Import Python packages that are used for the analysis.

%matplotlib inline

# Force GeoPandas to use Shapely instead of PyGEOS
# In a future release, GeoPandas will switch to using Shapely by default.
import os
os.environ['USE_PYGEOS'] = '0'

import xarray as xr
import numpy as np
import geopandas as gpd
import matplotlib.pyplot as plt

import datacube
from datacube.utils.geometry import Geometry
from deafrica_tools.spatial import xr_vectorize, xr_rasterize
from deafrica_tools.plotting import display_map
from deafrica_tools.datahandling import load_ard, wofs_fuser, dilate
from deafrica_tools.areaofinterest import define_area

Connect to the datacube

Connect to the datacube so we can access DE Africa data. The app parameter is a unique name for the analysis which is based on the notebook file name.

dc = datacube.Datacube(app="Ship_detection")

Analysis parameters

The following cell sets the parameters, which define the area of interest and the length of time to conduct the analysis over.

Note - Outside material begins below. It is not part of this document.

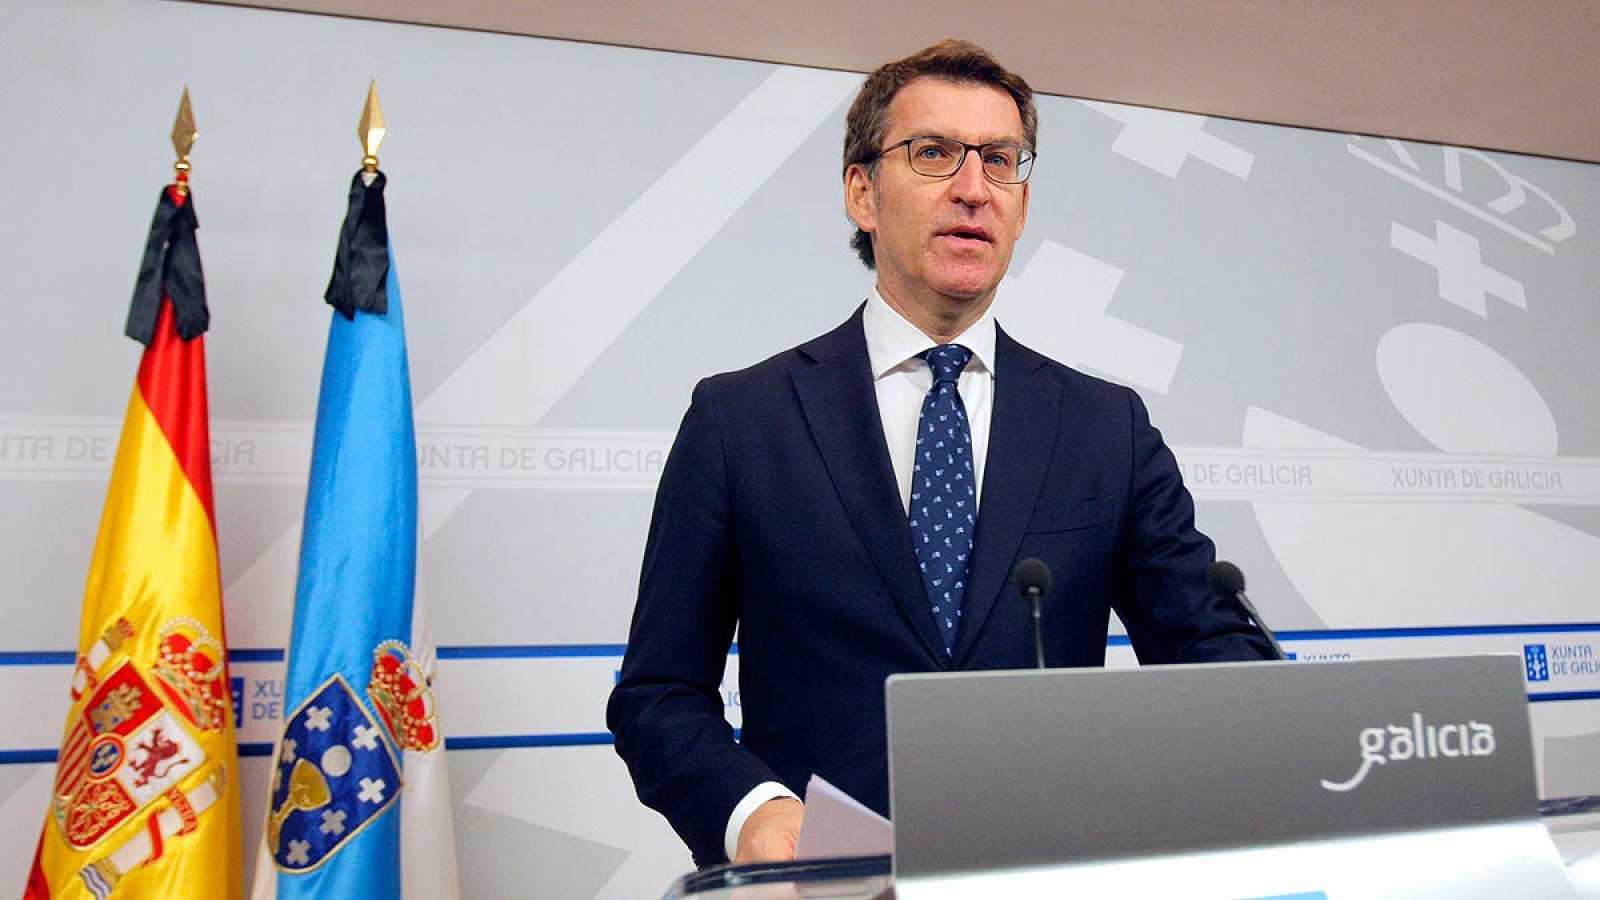 Nuñez Feijóo anuncia que optará a la reelección para un tercer mandato en Galicia

The parameters are

  • lat: The central latitude to analyse (e.g. 10.338).

  • lon: The central longitude to analyse (e.g. -1.055).

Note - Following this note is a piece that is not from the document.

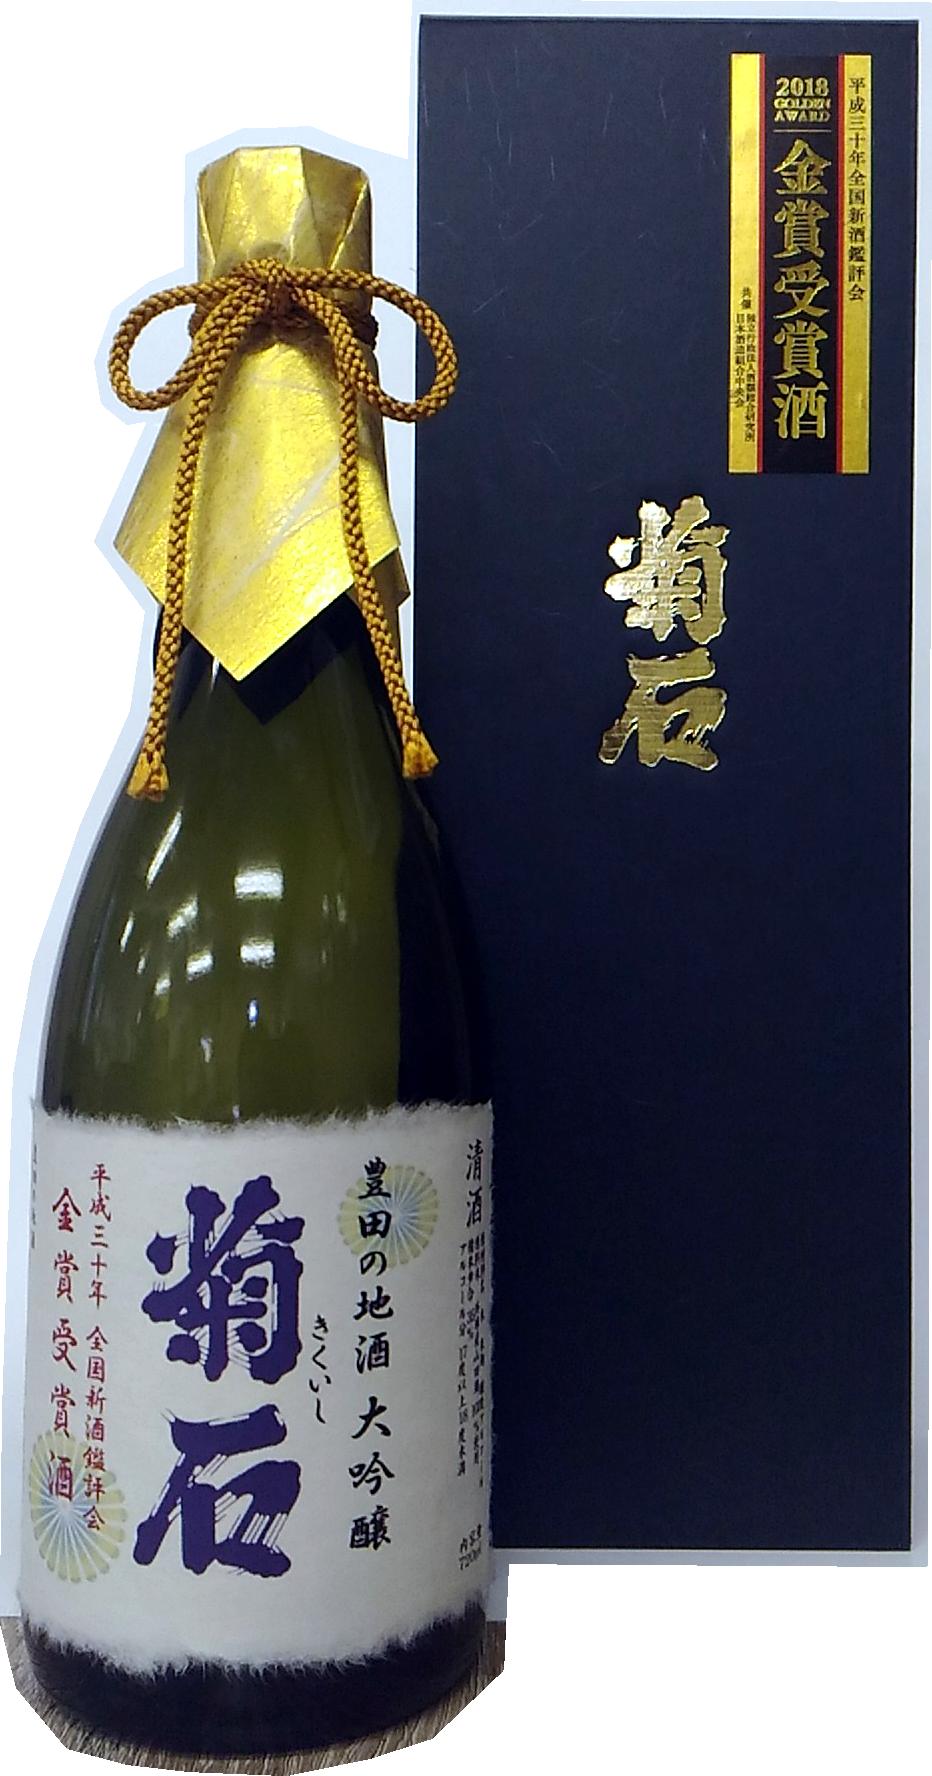 平成30年全国新酒鑑評会 金賞受賞 新井杜氏渾身の酒です

  • buffer: The number of square degrees to load around the central latitude and longitude. For reasonable loading times, set this as 0.1 or lower.

  • time_range: The date range to analyse (e.g. ('2021'))

Select location

To define the area of interest, there are two methods available:

  1. By specifying the latitude, longitude, and buffer. This method requires you to input the central latitude, central longitude, and the buffer value in square degrees around the center point you want to analyze. For example, lat = 10.338, lon = -1.055, and buffer = 0.1 will select an area with a radius of 0.1 square degrees around the point with coordinates (10.338, -1.055).

  2. By uploading a polygon as a GeoJSON or Esri Shapefile. If you choose this option, you will need to upload the geojson or ESRI shapefile into the Sandbox using Upload Files button 9a7c8a35267548e9b92b746ad5793892 in the top left corner of the Jupyter Notebook interface. ESRI shapefiles must be uploaded with all the related files (.cpg, .dbf, .shp, .shx). Once uploaded, you can use the shapefile or geojson to define the area of interest. Remember to update the code to call the file you have uploaded.

To use one of these methods, you can uncomment the relevant line of code and comment out the other one. To comment out a line, add the "#" symbol before the code you want to comment out. By default, the first option which defines the location using latitude, longitude, and buffer is being used.

If running the notebook for the first time, keep the default settings below. This will demonstrate how the analysis works and provide meaningful results. The example covers the Suez Canel in Egypt during March 2021.

# Method 1: Specify the latitude, longitude, and buffer
aoi = define_area(lat=29.95, lon=32.536, buffer=0.1)

# Method 2: Use a polygon as a GeoJSON or Esri Shapefile.
# aoi = define_area(vector_path='aoi.shp')

#Create a geopolygon and geodataframe of the area of interest
geopolygon = Geometry(aoi["features"][0]["geometry"], crs="epsg:4326")
geopolygon_gdf = gpd.GeoDataFrame(geometry=[geopolygon],

# Get the latitude and longitude range of the geopolygon
lat_range = (geopolygon_gdf.total_bounds[1], geopolygon_gdf.total_bounds[3])
lon_range = (geopolygon_gdf.total_bounds[0], geopolygon_gdf.total_bounds[2])

# timeframe
timerange = ('2021-03-21', '2021-03-25')

View the selected location

The next cell will display the selected area on an interactive map. Feel free to zoom in and out to get a better understanding of the area you’ll be analysing. Clicking on any point of the map will reveal the latitude and longitude coordinates of that point.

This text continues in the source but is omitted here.